92. Which one of the following represents the decreasing order of their respective pKa values?
(i) HCOOH
(ii) CH₃COOH
(iii) ClCH₂COOH
(iv) CF₃COOH
Which one of the following represents the decreasing order of their respective 𝑝𝐾𝑎 values? (A) i > ii > iii > iv
(B) ii > i > iii > iv
(C) iv > iii > i > ii
(D) iv > iii > ii > i
Decreasing Order of pKa Values of Carboxylic Acids – Complete Explanation Based on the Inductive Effect
In this question, four carboxylic acids are given, each containing a different substituent attached to the carboxyl group. The objective is to arrange them in the decreasing order of their pKa values. Since pKa is inversely related to acid strength, this problem can be solved by first comparing the relative acidities of the compounds.
Understanding pKa and Acid Strength
The pKa of an acid is a measure of its tendency to donate a proton. A lower pKa value indicates a stronger acid because the acid ionizes more readily in solution. Conversely, a higher pKa value corresponds to a weaker acid.
Therefore, while solving this question, it is important to remember the following relationship:
Higher pKa → Weaker Acid
Lower pKa → Stronger Acid
Thus, determining the decreasing order of pKa is equivalent to determining the increasing order of acid strength and then reversing the sequence.
Role of the Inductive Effect
The acidity of carboxylic acids depends primarily on the stability of the conjugate base formed after the loss of a proton.
If a substituent attached to the carbon chain withdraws electron density through the negative inductive effect (−I effect), it stabilizes the negatively charged carboxylate ion. A more stable conjugate base makes proton loss easier, increasing the acidity and lowering the pKa.
On the other hand, electron-donating groups exhibit a positive inductive effect (+I effect). These groups push electron density toward the carboxylate ion, destabilizing the negative charge. As a result, the acid becomes weaker and its pKa increases.
Analysis of Each Compound
(i) Formic Acid (HCOOH)
Formic acid contains only a hydrogen atom attached to the carbonyl carbon. Hydrogen neither donates nor withdraws electrons significantly through the inductive effect.

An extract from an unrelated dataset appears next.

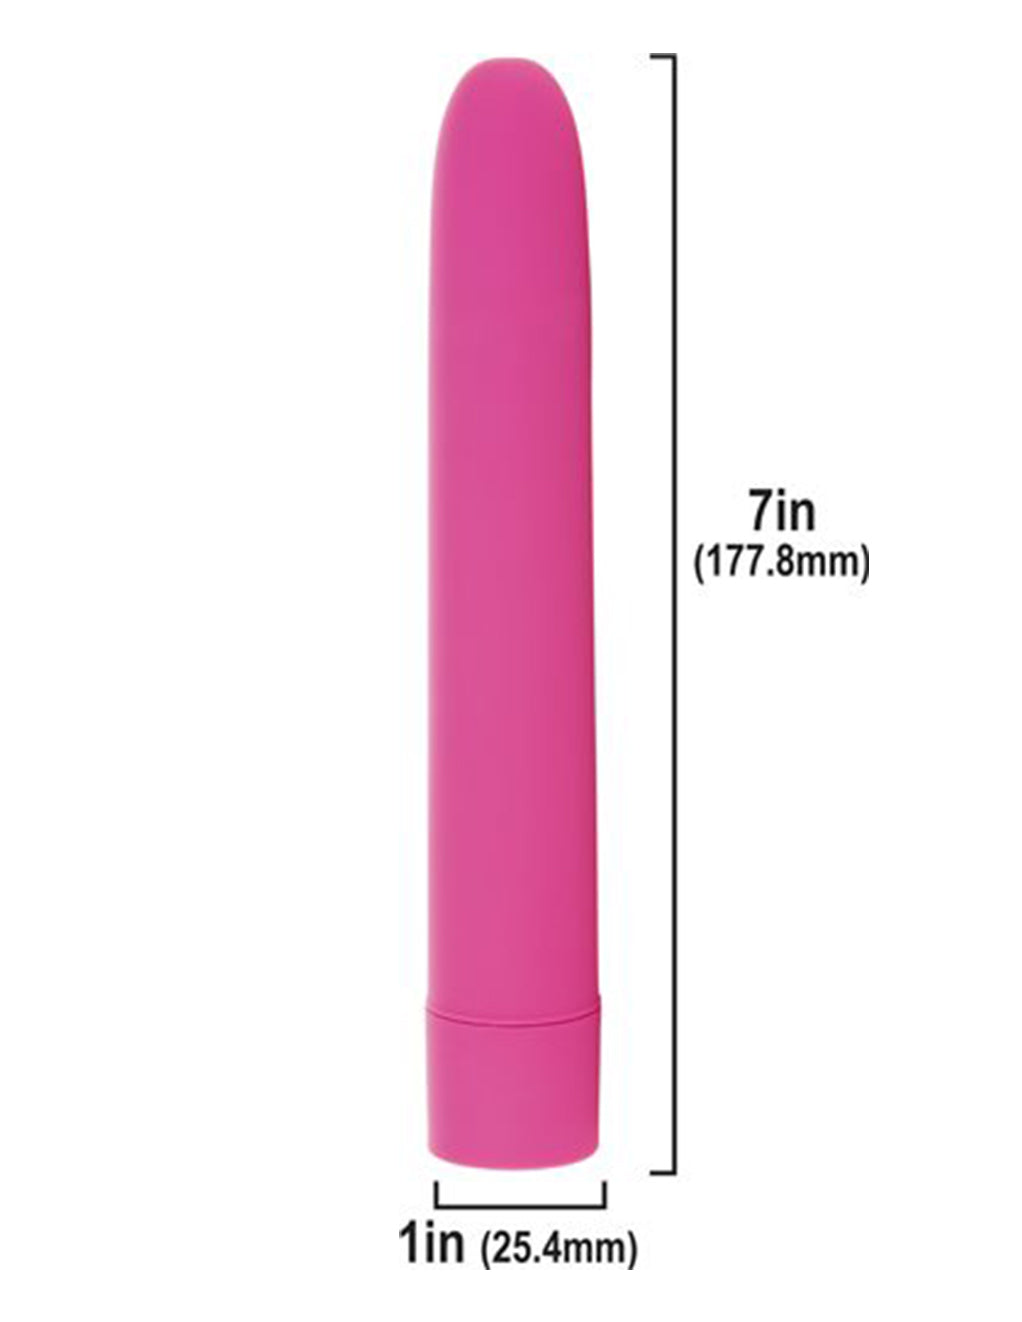 Eezy Pleezy Bullet Vibrator- Pink- Dimensions

Therefore, formic acid serves as a useful reference compound and is stronger than acetic acid because it lacks the electron-donating methyl group.
Approximate pKa ≈ 3.75
(ii) Acetic Acid (CH3COOH)
The methyl group exhibits a +I (electron-donating) effect. It pushes electron density toward the carboxyl group, destabilizing the acetate ion formed after deprotonation.
Since the conjugate base becomes less stable, acetic acid is weaker than formic acid.
Approximate pKa ≈ 4.76
This is the highest pKa among the given compounds.

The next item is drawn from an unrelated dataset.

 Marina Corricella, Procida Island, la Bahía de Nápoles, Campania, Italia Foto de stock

(iii) Chloroacetic Acid (ClCH2COOH)
Chlorine is highly electronegative and exerts a strong −I effect. It withdraws electron density from the carboxylate ion, stabilizing the negative charge.
Consequently, chloroacetic acid is much stronger than both formic acid and acetic acid.
Approximate pKa ≈ 2.86
(iv) Trifluoroacetic Acid (CF3COOH)
The CF3 group contains three highly electronegative fluorine atoms, each exerting an exceptionally powerful −I effect.
Together, these fluorine atoms withdraw a large amount of electron density from the carboxylate ion, providing extraordinary stabilization to the conjugate base.
As a result, trifluoroacetic acid is one of the strongest simple carboxylic acids.
Approximate pKa ≈ 0.23
This is the lowest pKa among the given compounds.
Comparison of pKa Values
| Compound | Approximate pKa | Relative Acidity |
|---|---|---|
| CH3COOH | 4.76 | Weakest |
| HCOOH | 3.75 | Stronger than Acetic Acid |
| ClCH2COOH | 2.86 | Strong |
| CF3COOH | 0.23 | Strongest |
Therefore, the decreasing order of pKa values is:
CH3COOH > HCOOH > ClCH2COOH > CF3COOH
or
ii > i > iii > iv
Explanation of Every Option
Option (A): i > ii > iii > iv
This option is incorrect because it places formic acid above acetic acid. In reality, acetic acid has a higher pKa due to the electron-donating methyl group, making it the weaker acid.
Option (B): ii > i > iii > iv
This is the correct answer. Acetic acid has the highest pKa because of the +I effect of the methyl group. Formic acid follows, while chloroacetic acid has a much lower pKa due to the −I effect of chlorine. Trifluoroacetic acid possesses the lowest pKa because three fluorine atoms strongly stabilize the conjugate base.
Option (C): iv > iii > i > ii
This option is incorrect because it completely reverses the acidity trend. Trifluoroacetic acid is actually the strongest acid and therefore has the smallest pKa, not the largest.
Option (D): iv > iii > ii > i
This option is also incorrect because it places trifluoroacetic acid at the highest pKa value. The strong −I effect of the CF3 group makes trifluoroacetic acid the strongest acid among the given compounds.
Why Electron-Withdrawing Groups Increase Acidity
Whenever an acid loses a proton, a negatively charged conjugate base is formed. If electron-withdrawing substituents are present, they help disperse and stabilize this negative charge through the inductive effect. A more stable conjugate base is less likely to regain the proton, making the acid stronger.
Conversely, electron-donating groups increase electron density on the conjugate base, making it less stable. As a result, proton loss becomes less favorable, reducing acidity and increasing the pKa value.
Final Answer
Correct Option: (B)
Correct decreasing order of pKa values:
CH3COOH > HCOOH > ClCH2COOH > CF3COOH
or
ii > i > iii > iv